7. A fluid operable borehole cutting device comprising the wireline conveyable device as claimed in claim 1 and a fluid operable cutting assembly connected at the lower end of said tubular body.

8. A fluid operable borehole cutting device comprising the wireline conveyable deice as claimed in claim 6 and a fluid operable cutting assembly connected at the lower end of said tubular body.

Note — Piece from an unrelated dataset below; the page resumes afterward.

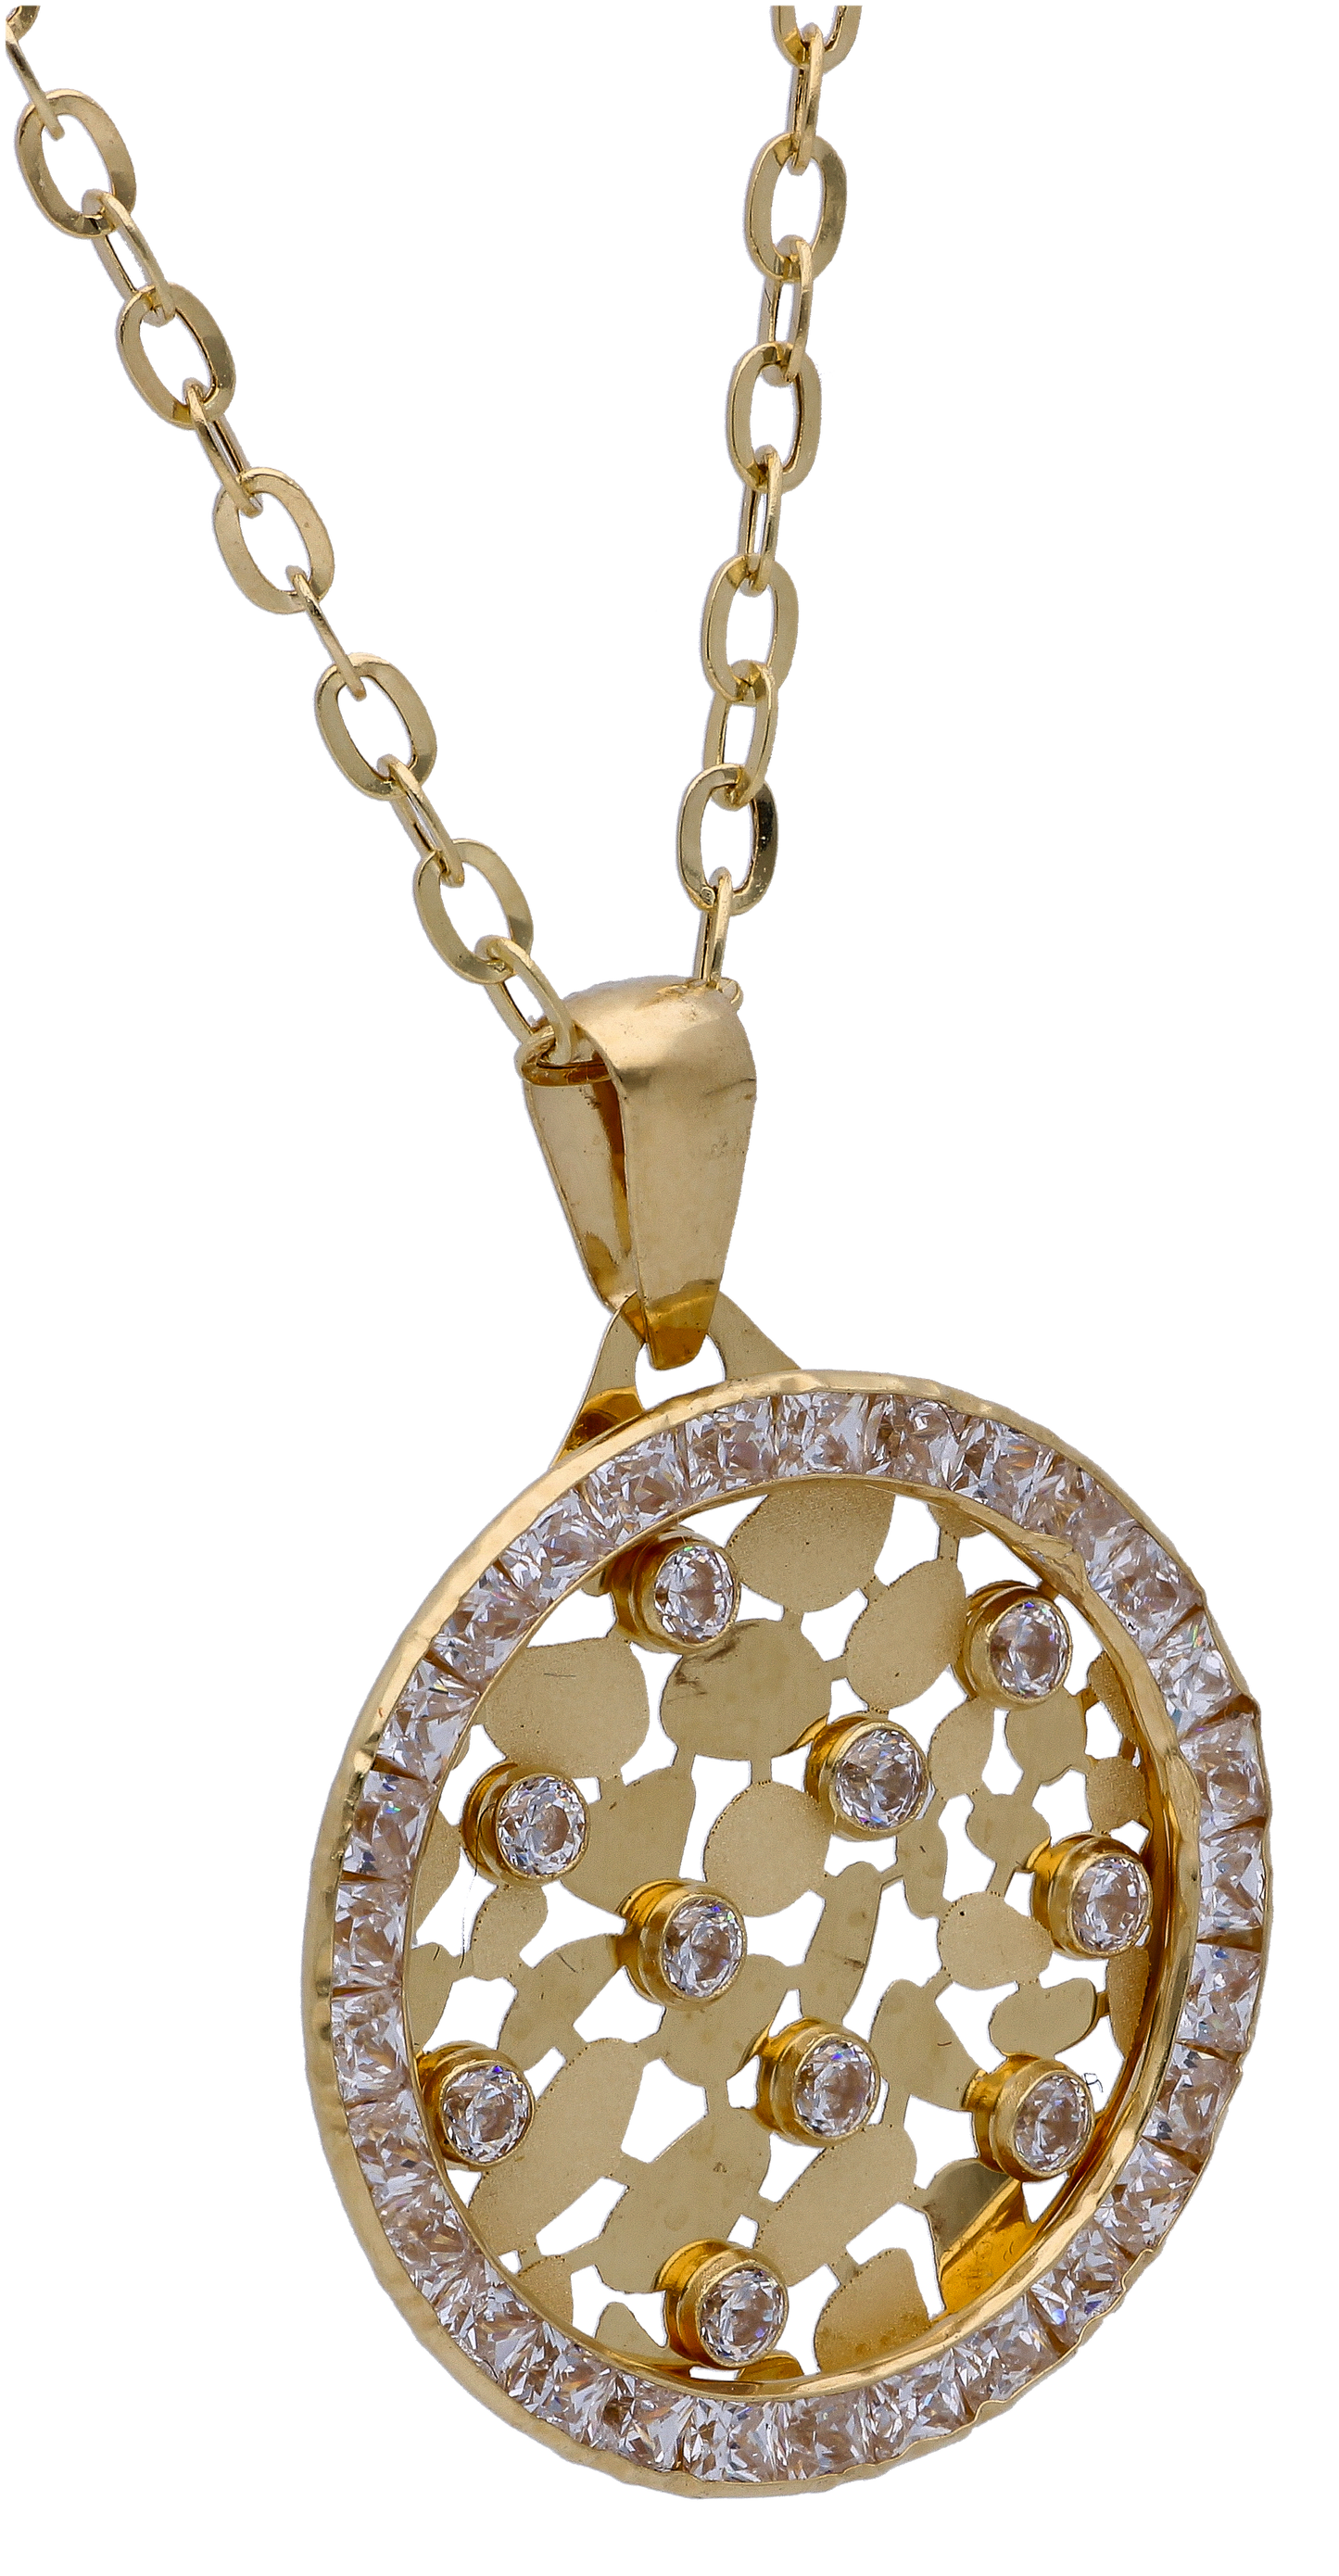 Gold Necklace (Chain with Zircon Gold Pendant) 18KT - FKJNKL18KU6296
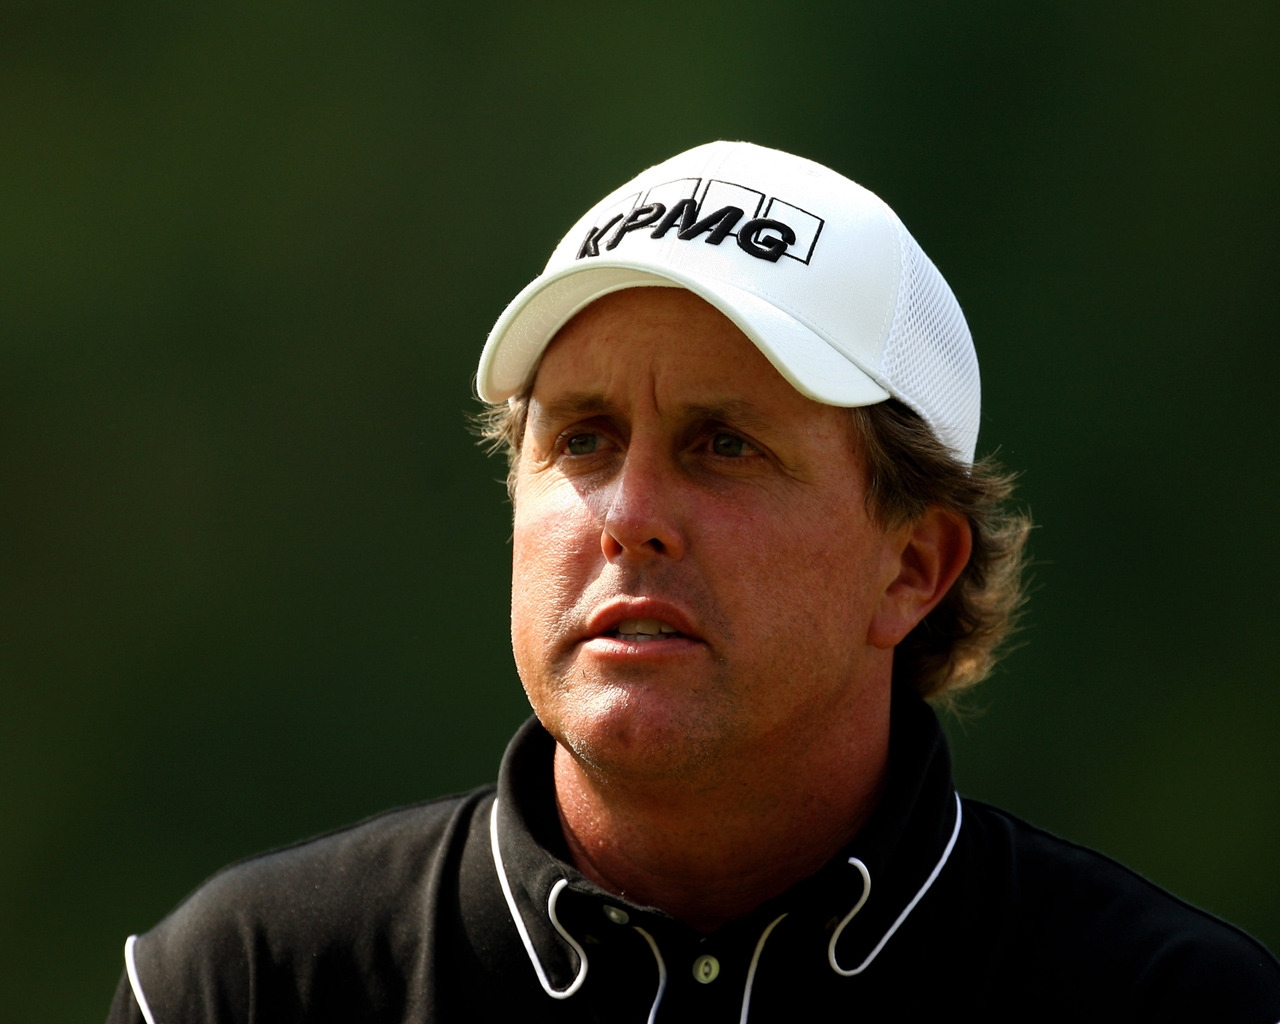 Philip Mickelson for 1280 x 1024 resolution

9. A device as claimed in claim 4 wherein there is further provided an actuator assembly including a housing connected to the upper end of the tubular body and housing the actuator therein; the actuator assembly further including an energisable coil connected to a socket for the wireline; and the actuator comprising a shaft carrying at its lower end the annular deflector member, and carrying a magnetic means at its upper end which is located within the conductor coil for effecting electromagnetic actuation of the actuator.

10. A device as claimed in claim 4 wherein there is further provided an actuator assembly including a housing connected to the upper end of the tubular body and housing the activator therein; the actuator assembly further including an electric motor connected to a socket for the wireline; and the actuator comprising a shaft carrying the annular deflector member at its lower end and being actuable by means of the electric motor.

11. A fluid operable borehole cutting device comprising the wireline conveyable device as claimed in claim 2 and a fluid operable cutting assembly connected at the lower end of said tubular body.

12. A fluid operable borehole cutting device comprising the wireline conveyable deice as claimed in claim 3 and a fluid operable cutting assembly connected at the lower end of said tubular body.

13. A fluid operable borehole cutting device comprising the wireline conveyable deice as claimed in claim 4 and a fluid operable cutting assembly connected at the lower end of said tubular body.

14. A fluid operable borehole cutting device comprising the wireline conveyable deice as claimed in claim 5 and a fluid operable cutting assembly connected at the lower end of said tubular body.